Блогер, читатель, домохозяйка, Президент варящий уху -  все они да и мы можем обварить себе руку при готовке, затем описать свои ощущения. Устно и громко, чтобы женщины покраснели. Либо письменно и тихо — в истории болезни. Здесь можно почувствовать, пощупать свой страх. Шок. Боль.  А вот после прихода смерти вряд-ли что-то опишешь.  Как это будет звучать: «-Я испытал шок, когда умер».

Острословы — пытаясь защититься щитом от щекотливой темы — добавляют: «-Я испытал шок, когда  умер, потому что сосед мне теперь точно не вернёт долг в 10 000 и бензопилу». Чтобы как-то заменить это леденящее слово — умирать — люди придумывают нечто, чтобы накинуть вуаль на страшное лицо смерти.  «Дать дуба». «Отбросить коньки». «Дед Матвей подошёл к березе, вздохнул, и дал дуба».

  Выходит в нашем обществе над темой смерти давлеет два пресса: общественное табу на  вдумчивые рассуждения о кончине, да и языковых инструментов (терминов) у нас для обозначения этого Великого Уравнителя (Смерти) почти нет. Умер, и умер.
  И второе — трудно описать то, что невозможно почувствовать, потрогать, ощутить. С «того света» телефонные провода не проложены, мессенждеры не пашут, голосовая почта недоступна.

   Для смягчения общественного табу мы в разговорах начинаем ассоциировать смерть человека со смертью животных. Это уже чуть проще. Хотя даже короткий рассказ из цикла «как умирала любимая моя морская свинка по кличке "Бабабой» слушается тяжело, с дискомфортом и все эти подробности...Ее хочется.  Для ещё большего смягчения мы ассоциируем смерть с умиранием вещей. Вещи ведь тоже умирают!

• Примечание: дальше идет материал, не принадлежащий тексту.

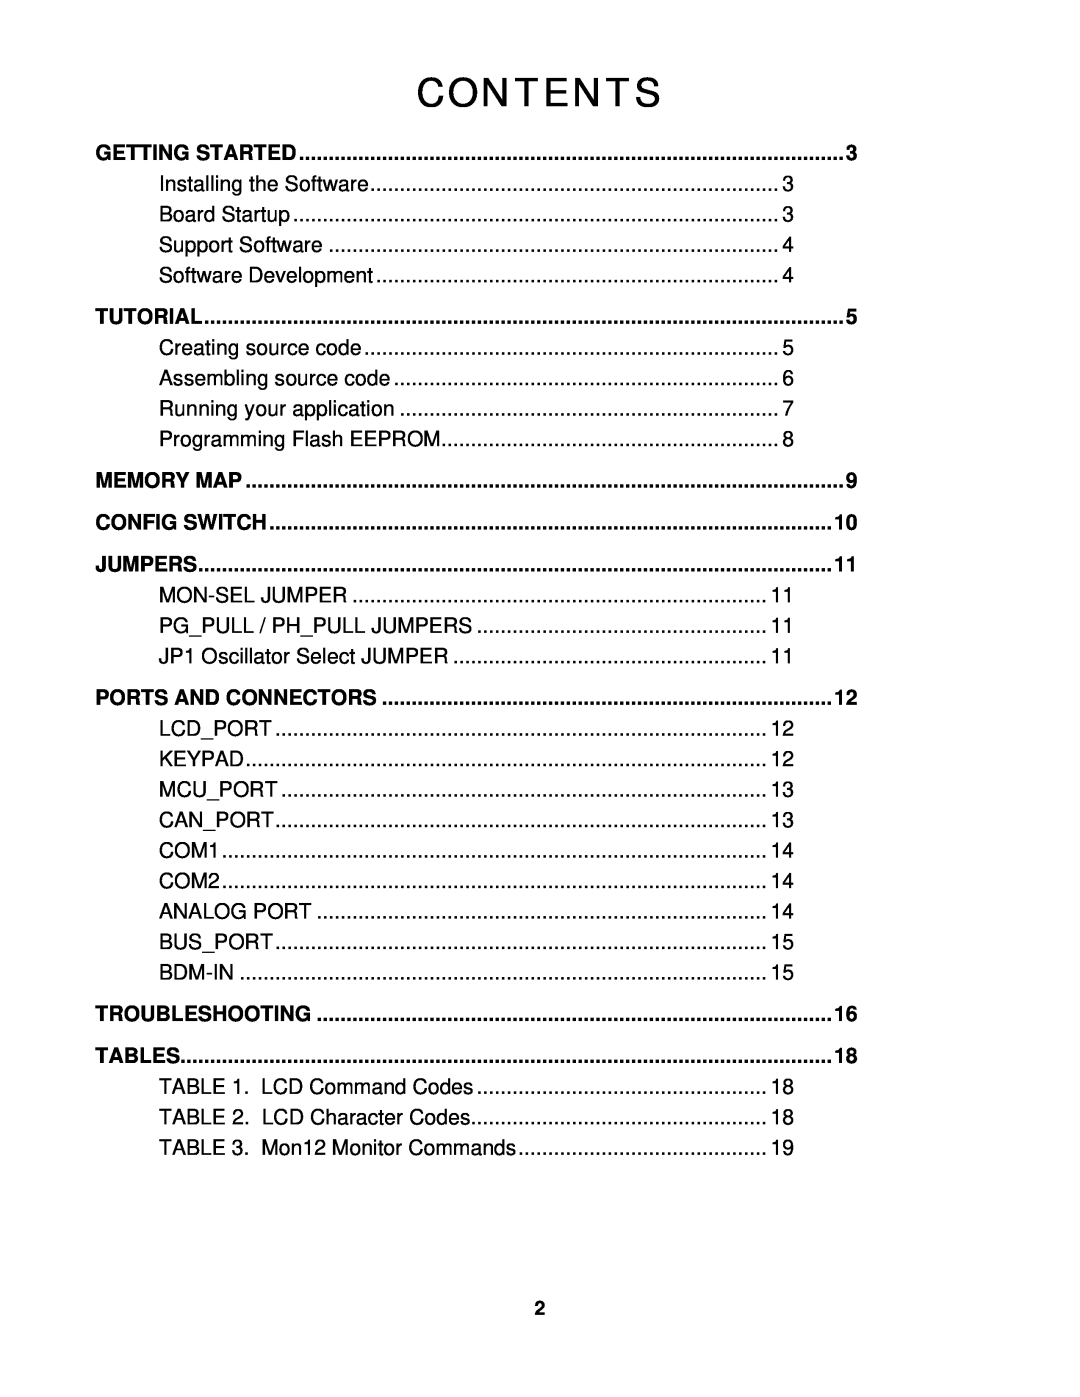 Motorola CME-12D60 manual Contents, Jumpers, Tables

 «- Мой телевизор сдох, и я стал чувствовать себя прекрасно, так как перестал смотреть новости и дурацкие ток-шоу».
   Если мы рассмотрим смерть еще через одну призму — сон — то говорить на тему сна гораздо проще, чем смерти. «Он спит мертвецки». Спящий в целом очень походит на мертвеца, но конфуз в том, что когда сей мертвец начинает ворочаться, чмокать губёшками и издавать разные звуки в процессе быстрого сна, а то и зовёт некую Ксюху, когда рядом Света, такой «покойничек» вызывает как раз очень живые чувства. Он может казаться странным. Не воспитаннным, умильным. или притворщиком и проч. Но — Живой.

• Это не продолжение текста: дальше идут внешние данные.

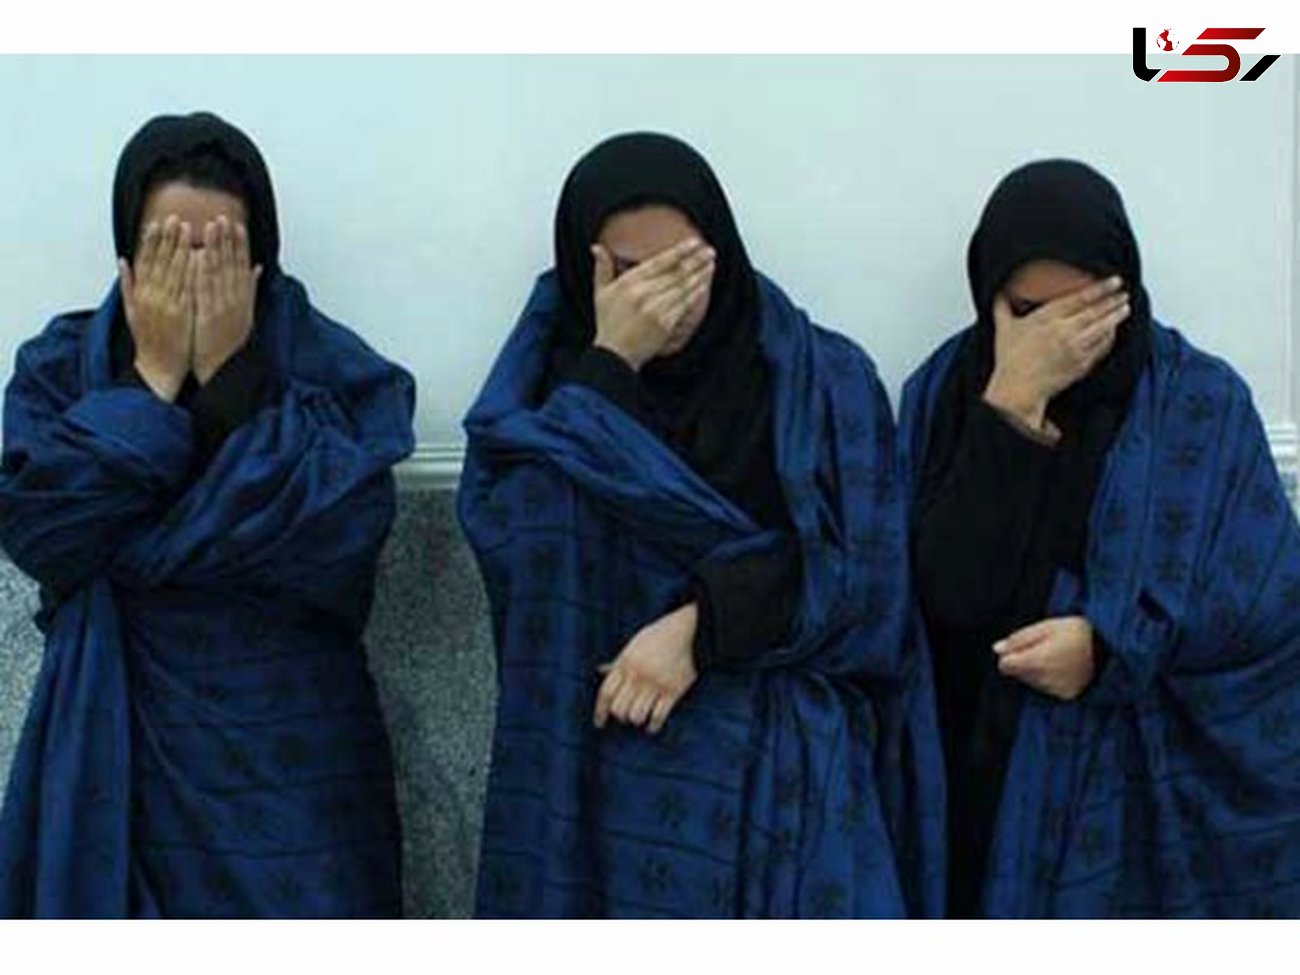 این 3 زن اتوبوس های بی آر تی تهران را نا امن کرده بودند/ نسا 60 سال دارد !

  Когда мы спим, то как и у покойника, наши проблемы, даже боли, душевные раны уходят на второй план, не беспокоят. Это эффект отречения от мира,  как и у покойника во сне. Мы «выключаемся» и там и там, но после настоящей смерти это происходит навсегда. Большинство людей после звонка будильника проснутся и пойдут жевать бутерброд. А вот после реальной смерти бутерброд в рот не полезет. Даже  с искрой.

 Но есть небольшая прослойка людей, которые спокойно и даже весело рассуждают о смерти. О собственной в том числе. Такие оптимисты запросто могут класть веселые цветочки в могилу товарищу и просить то же самое сделать для них, когда время придёт. В гроб к покойнику кладут его любимые игрушки, амулеты, иногда даже комиксы, если отошедший в мир иной был весельчаком и любил смешные картинки. На поминках эти люди танцуют, даже рассказывают анекдоты, носят удобную, а не стягивающую строгую черную одежду.

  Для  них смерть — не более чем переход из одного мира в иной, причем следующий мир лучше. Чище этого. Если вера в такой переход искренняя, то и поболтать о смерти для них не проблема.

   Как объяснила мне  женщина с этой философией, что «есть одна матрица и человек в ней живёт, радуется, страдает, умирает. Но программа рано или поздно заканчивается, и индивидуум переходит  в другую матрицу. Ясно?». Вполне. И я кивнул.

А как же все эти видения типа света в конце тоннеля, падение в бесконечную пропасть и прочее? Приблизиться к смерти и умереть — всё это две большие разницы, как говорят в Одессе. Тот, кто был реанимирован при помощи электрического разряда в сердце или оживился благодаря искусственному дыханию, кардинально отличается от того, кто уже с неделю лежит в холодильнике морга. Посему здесь сравнения некорректны.

  Говорить о собственной смерти трудно, страшно, дискомфортно, но тот, кто способен это делать без липкого страха в глазах и голосе — заслуживает особый похвалы.